His in-law seized him and killed him… Oyiemu---o
Bring a canoe, bring a paddle… Oyiemu---o
The paddle speaks English…’


  1. Who do you agree with at Obi’s welcome party, those who say ‘Christianity had made him blind’ to the tribal gods and proverbs or those who agree with Reverend Isaac that tribal myths are, ‘to chew the cud of foolishness. It was putting one's head into a cooking-pot...Satan [putting] abominable thought into men's stomachs.' (p37-38)

  2. Obi’s observes how the, ‘joy of life... [was] not yet...killed by those who claimed to teach other nations how to live…’ Is this a criticism of Nigeria’s colonists? Explain your answer. (p39)

  3. Explain the meaning of the lyrics, 'Palm-fruit eater, Roman Catholic teacher, His missus a devourer of toads.' Remember, the ‘best food’ in Igbo culture is goat stew, mashed yam, not palm-fruit and frogs. Why does the song use food to insult the Catholic Christians in the village? What would an educated Nigerian think about the villagers’ teasing of Christians?
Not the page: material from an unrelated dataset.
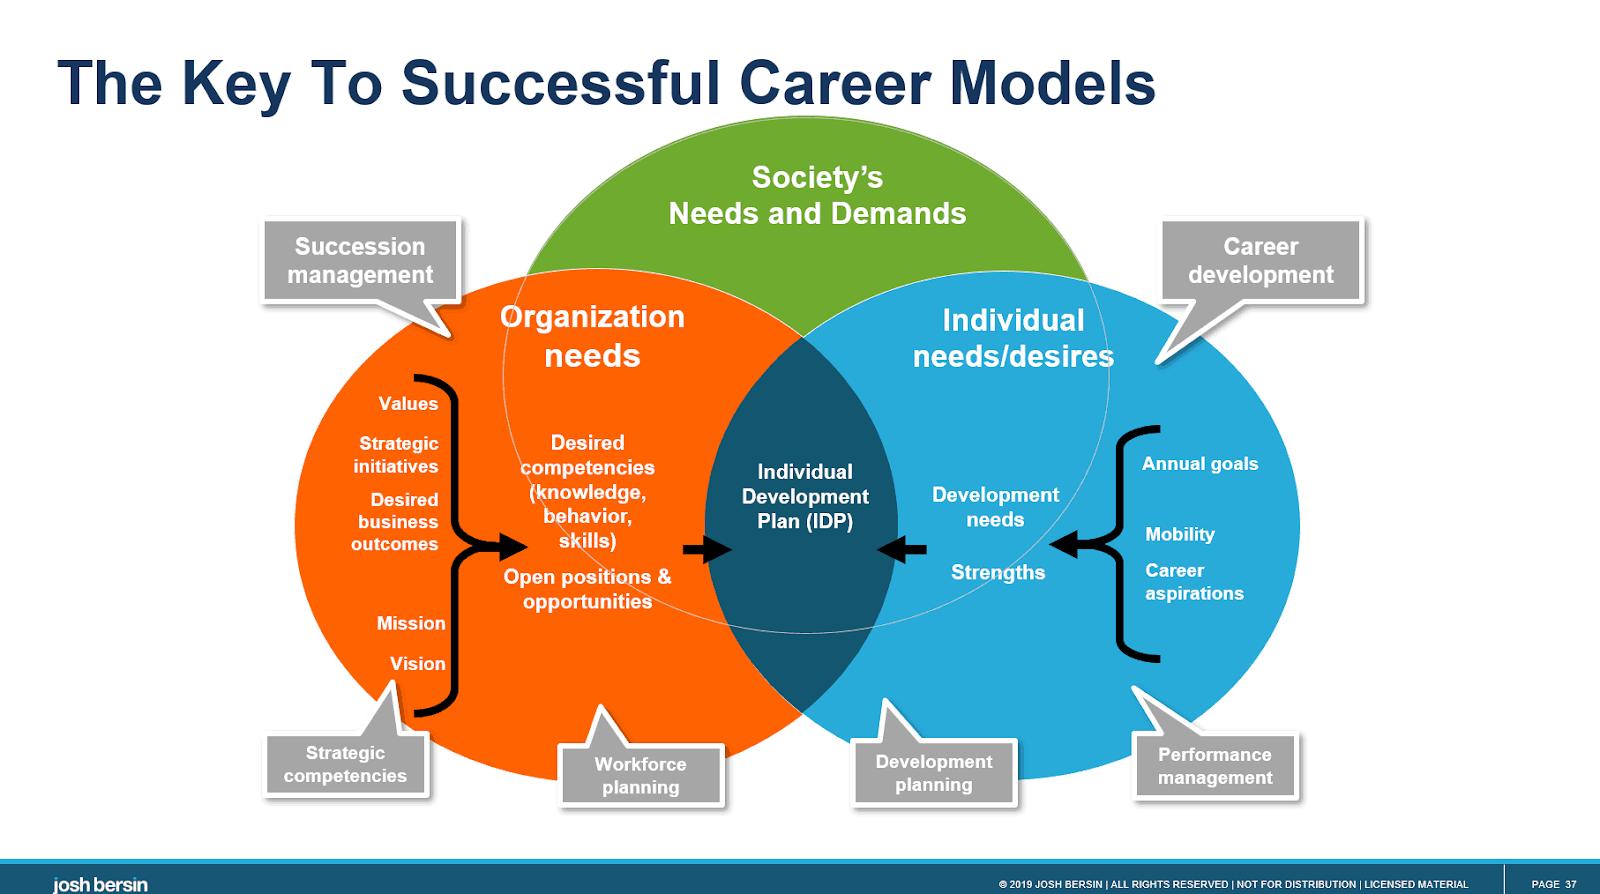 Bersin's Key to Successful Career Models

  4. The Igbo villagers have a very different idea of Obi’s voyage to England on ‘a white man's ship that runs on water as a snake runs on grass...wrestling in the spirit world...’ What does this say about their attitudes to the English and their machines?

  5. On p41 the marriage of black men with white women is mentioned as shocking for the third time in the novel: ‘That is why I say a black man who marries a white woman wastes his time. Her stay with him is like the stay of the moon in the sky. When the times comes she will go.' What does this simile mean?
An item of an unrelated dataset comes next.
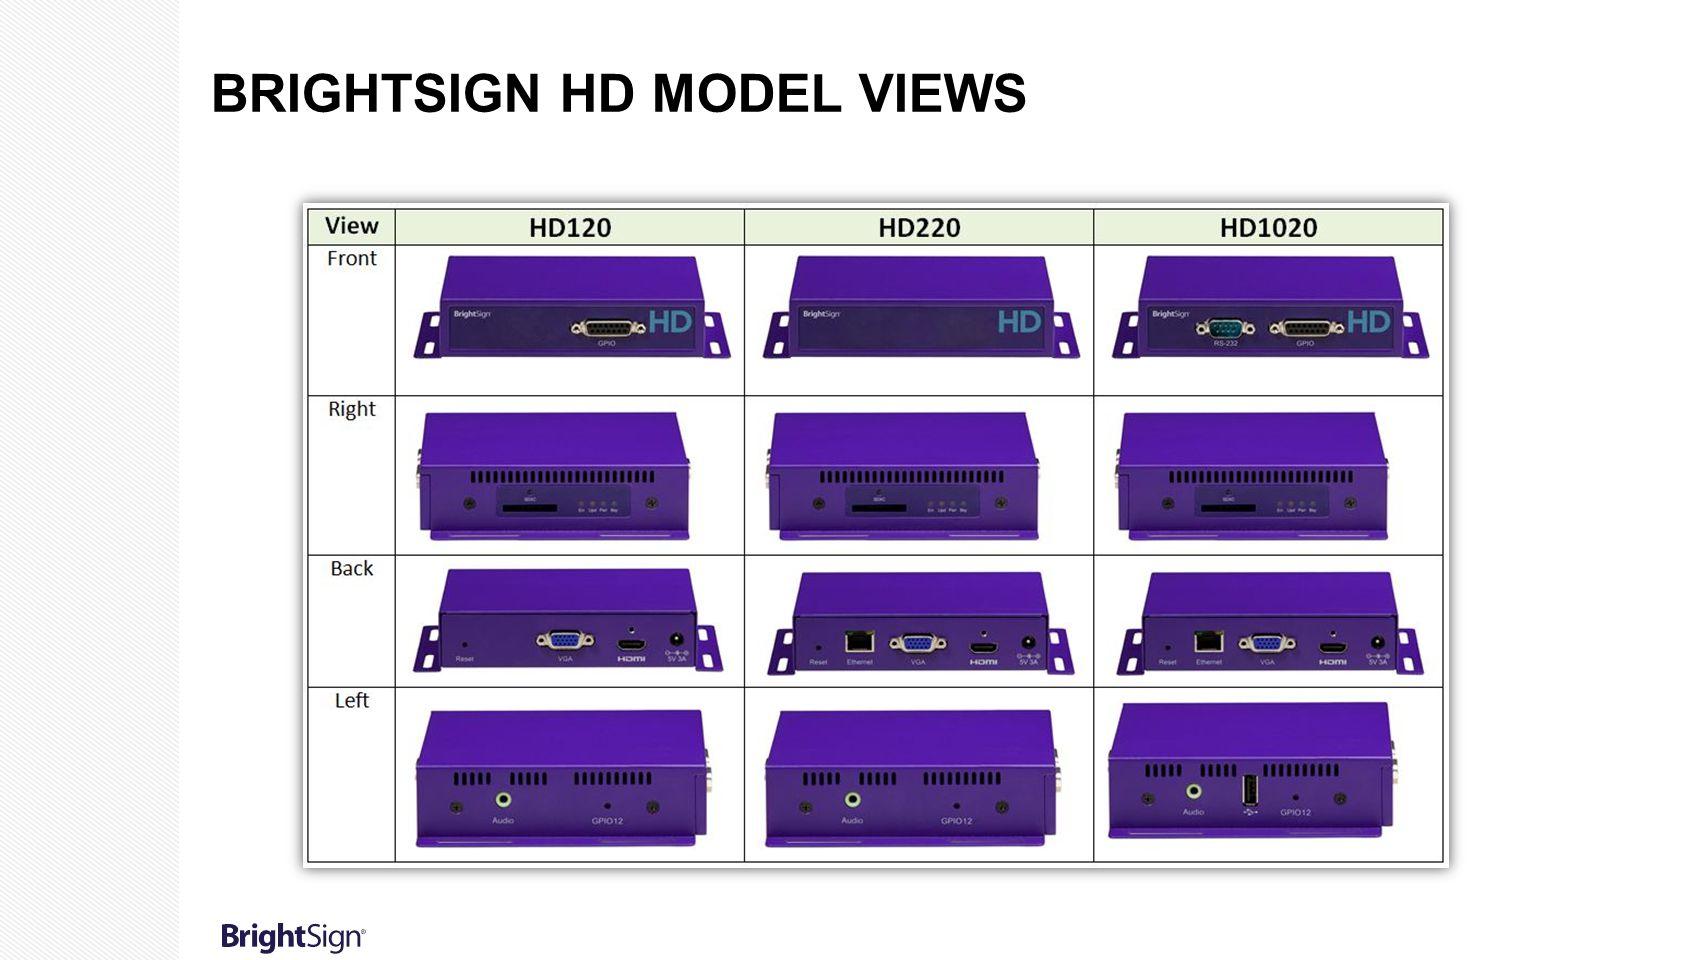 BrightSign HD Model Views

  6. Respond to the ideas which end the chapter: ‘...we are not empty men who become white when they see white, and black when they see black... Who ever planted an iroko tree---the greatest tree in the forest? You may collect all the iroko seeds in the world, open the soil and put them there. It will be in vain. The great tree chooses where to grow and we find it there, so it is with the greatness in men.' Does Obi want to be white? Or does he just want to be richer than the people from his village?

  7. What does the iroko tree symbolise?